The nonprofit reports total patient revenue at $237 million but it’s one of many facilities across the country struggling to adjust to an evolving health care system. One of the major challenges facing Community involves changes to Medicare and Medicaid, the government’s health insurance programs for seniors and the poor. A proposal in the 2013 Montana Legislature to expand Medicaid failed. As a result of these challenges, Moody’s Investors Service recently downgraded the outlook on Community Medical Center’s bond rating on $24.9 million of outstanding debt to “negative.”
It’s unclear how Community’s partnership with or acquisition by a larger organization would impact staff or patients.

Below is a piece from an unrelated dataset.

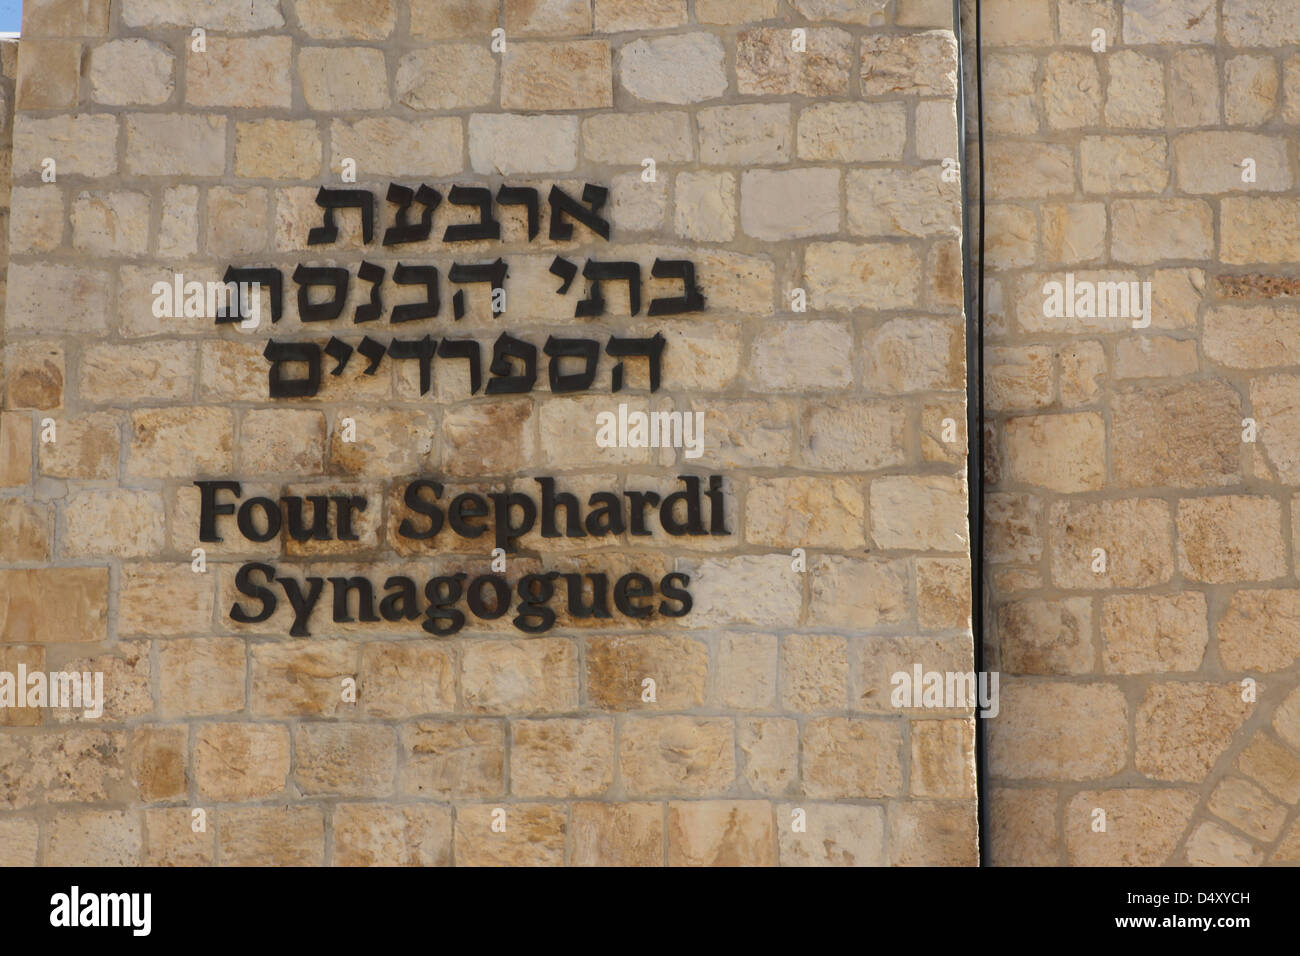 Israel, Jerusalem, Old City, Jewish Quarter, the Four Sephardic Synagogues complex - Stock Image

Cain Brothers, the firm hired by Community to help it through this process, brokered a deal between two East Coast nonprofit health care entities last month, which brought Adventist Health Care’s Hackettstown Regional Medical Center in northwest New Jersey under the control of Atlantic Health System for $54 million. Hackettstown has 111 acute-care beds. Community, by comparison, has 146.
Among Community’s options, a merger with Providence and St. Patrick Hospital has generated the most discussion. A Catholic institution, St. Pat’s is Missoula’s second largest employer with approximately 1,773 employees, but announced in November its own financial challenges and a restructuring plan to cut $5 million.
“There’s an argument to be made for combining resources, sure, but there are also a lot of questions about what it means to basically eliminate competition and patient choice,” said another local physician with privileges at both hospitals.
Calls and emails to St. Pat’s requesting comment were not returned.
Billings Clinic, also a nonprofit, includes three branch clinics as well as five primary or specialty-care clinics in Montana and Wyoming. Community partnered with Billings Clinic on its OBGYN oncology program beginning in 2009, and more recently collaborated on its electronic health records system.
“Billings Clinic has several relationships with Community Medical Center,” said Jim Duncan, president of the Billings Clinic Foundation & Community Relations. He referred any questions about Community’s search for a partner and Billings Clinic’s role in that process to the Missoula hospital.
With no additional information coming from Community, local leaders are concerned with how such a significant decision will ultimately impact staff, patients and the city’s overall level of health care.
“You know, honestly, I don’t know much about it. Apparently there is not much transparency if I don’t know anything about it,” said Missoula City Councilman Jon Wilkins, who chairs the Public Safety and Health Committee. “I think people should know about what is going on, and they should be allowed to put their input in if it affects their life … I run the Public Safety Committee and I have heard not one word on any of this. I would like to know how this affects the people that live in Missoula.”